ASSIGNMENT: Would you please copy only the lines from the line that contains "Chartreuse (DEA 123) - Colorxs Quad Palette" to the end of the data below, exactly, leaving every picture out?

PROVIDED DATA:
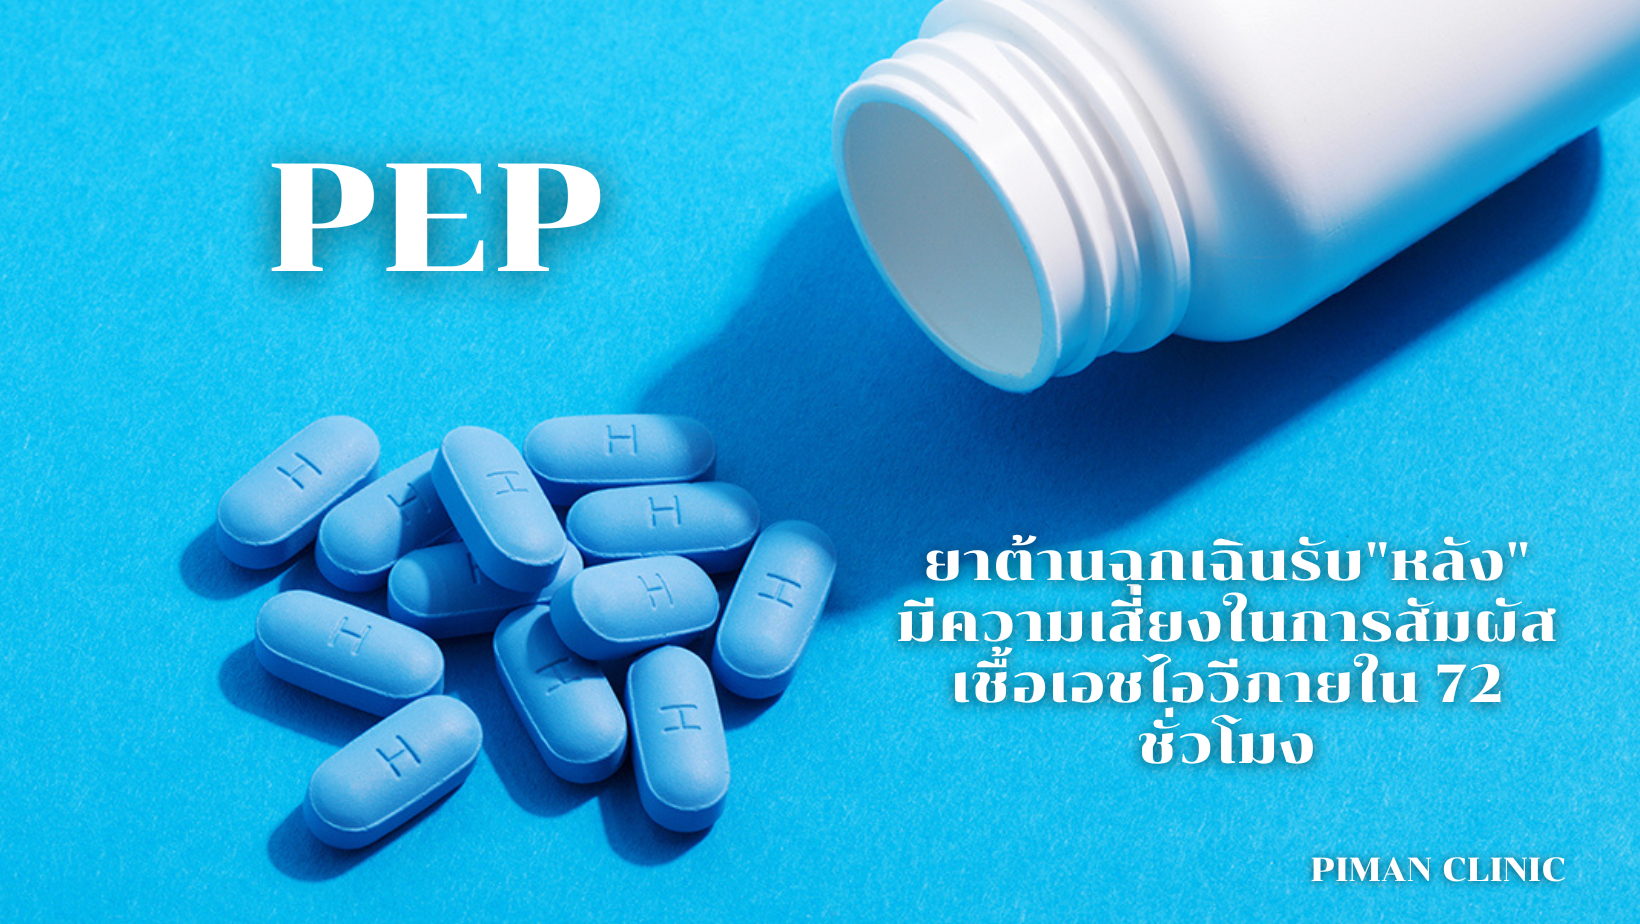 PEP หรือ ยาต้านฉุกเฉิน “หลัง” มีการสัมผัสเชื้อ HIV ภายใน 72 ชั่วโมง
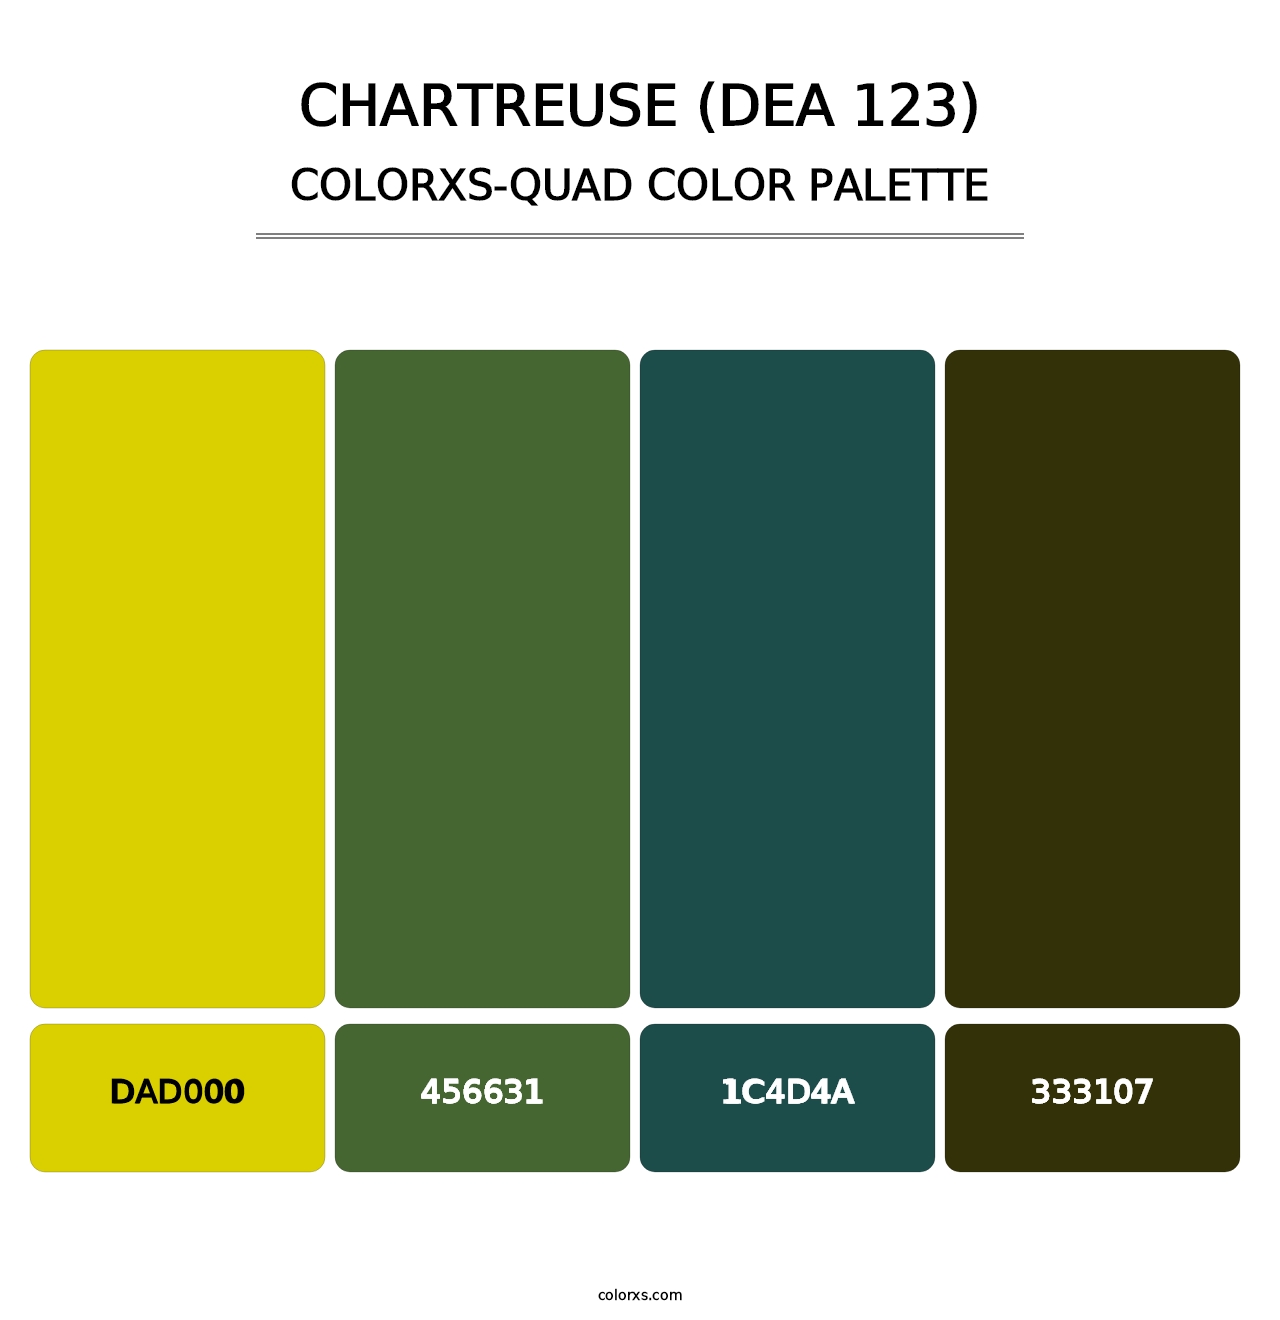 Chartreuse (DEA 123) - Colorxs Quad Palette
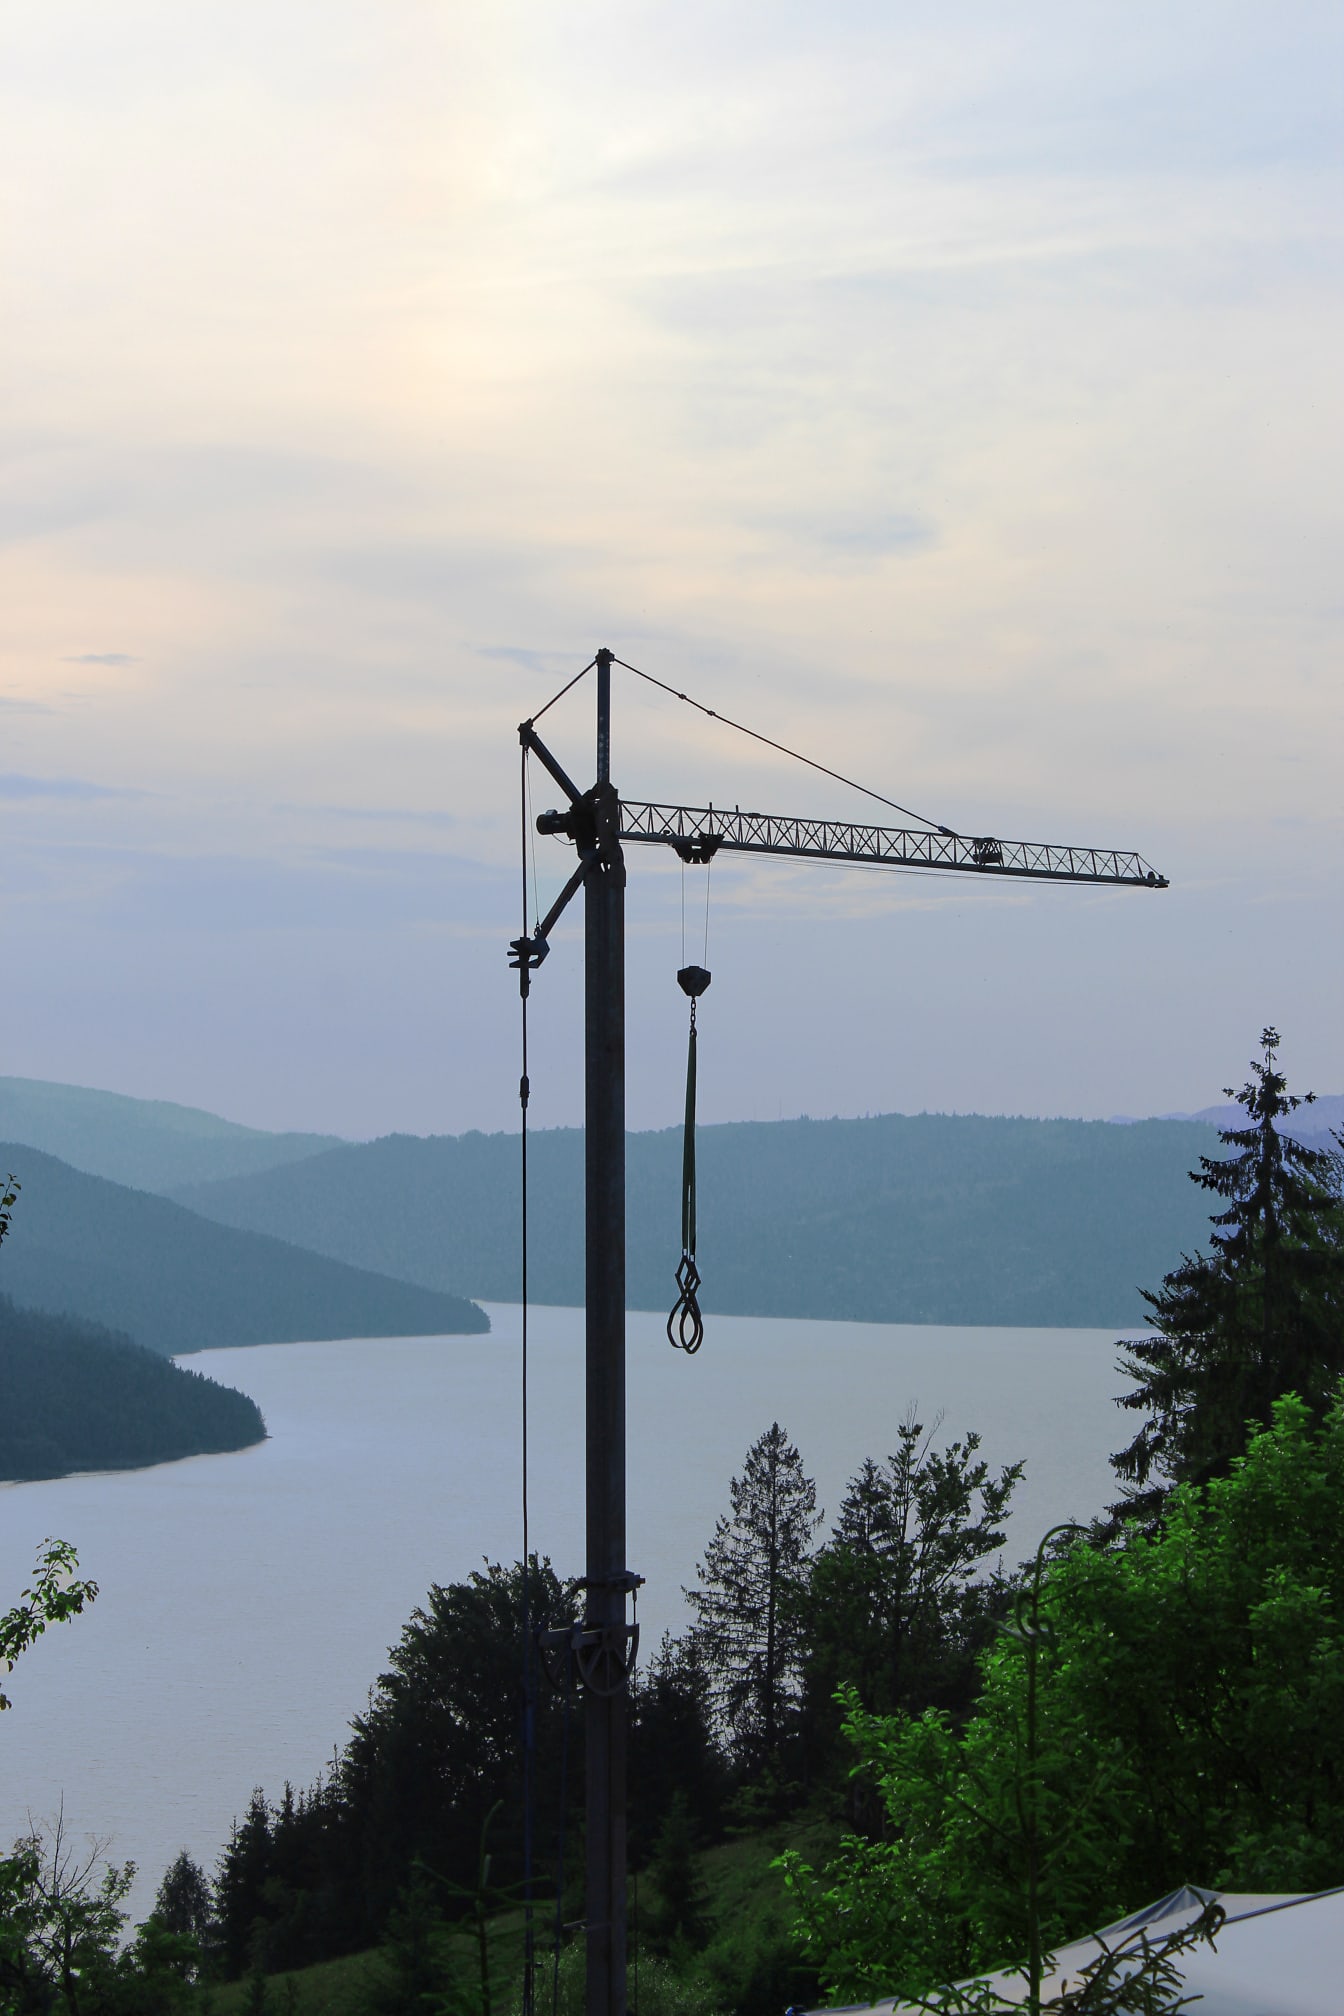 Grúa industrial alta en montañas junto al lago

EXERCISE RESPONSE:
 Chartreuse (DEA 123) - Colorxs Quad Palette
 Grúa industrial alta en montañas junto al lago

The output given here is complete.